■ Collected data ■
──────────

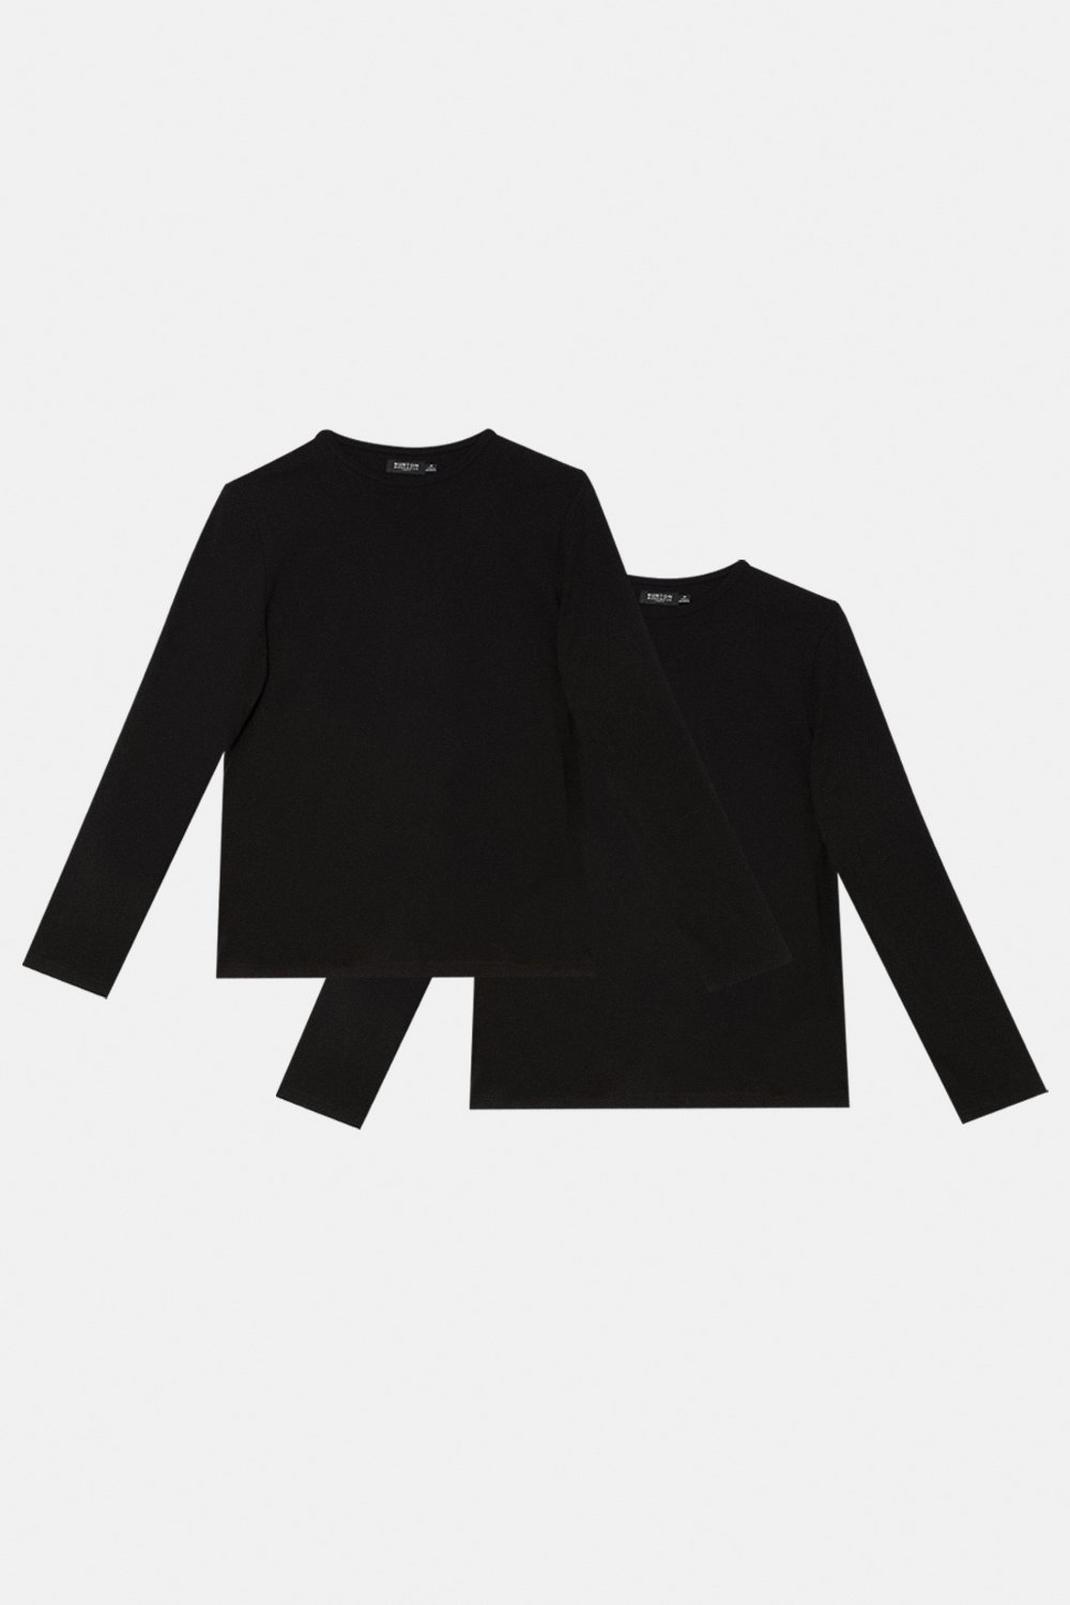 2 Pack Black Long Sleeve Crew Neck T-shirts image number 1
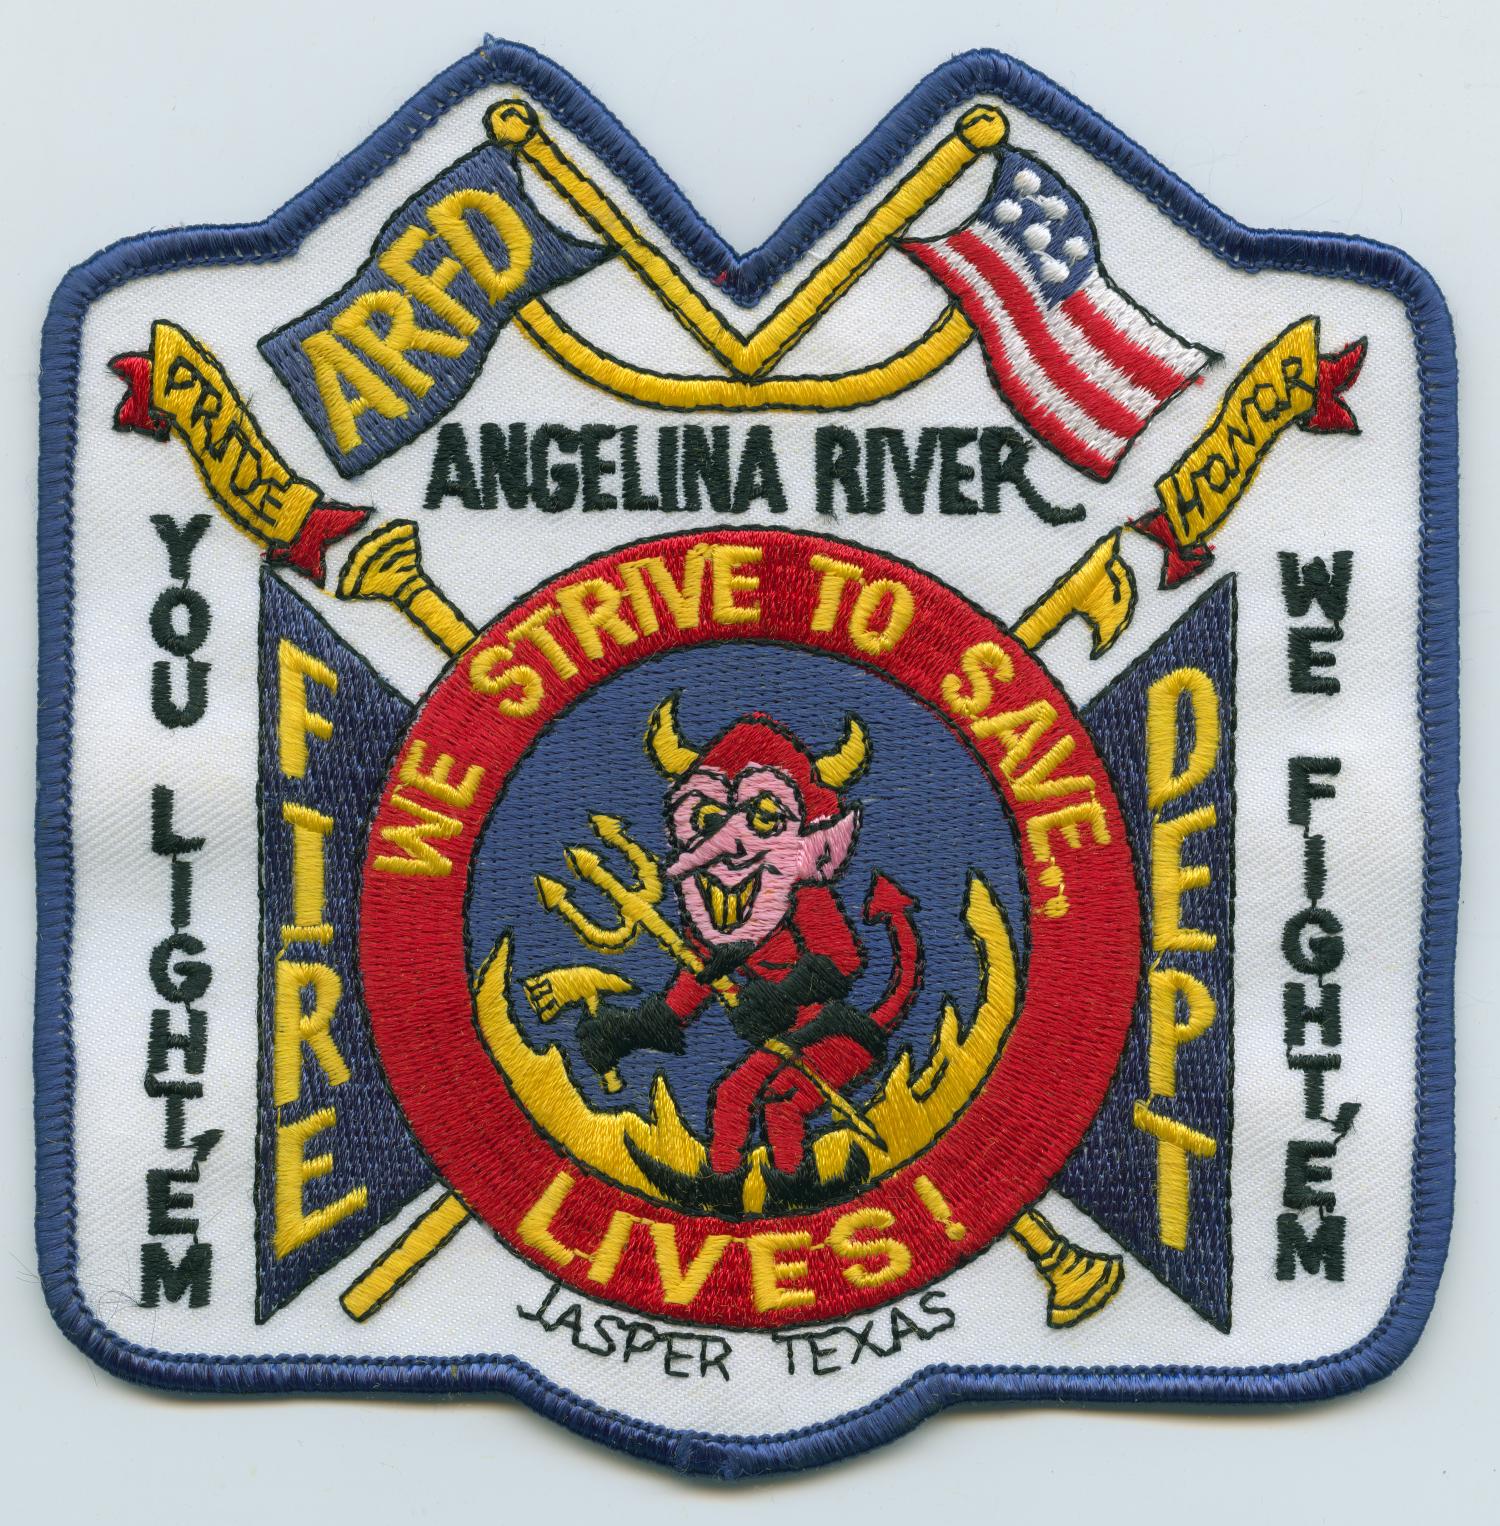 [Angelina River, Texas Fire Department Patch]
                                                
                                                    [Sequence #]: 1 of 2

──────────

■ Exercise instructions ■
A faithful copy of all the lines above is needed, with the pictures omitted.

■ Response below ■
 2 Pack Black Long Sleeve Crew Neck T-shirts image number 1
 [Angelina River, Texas Fire Department Patch]
                                                
                                                    [Sequence #]: 1 of 2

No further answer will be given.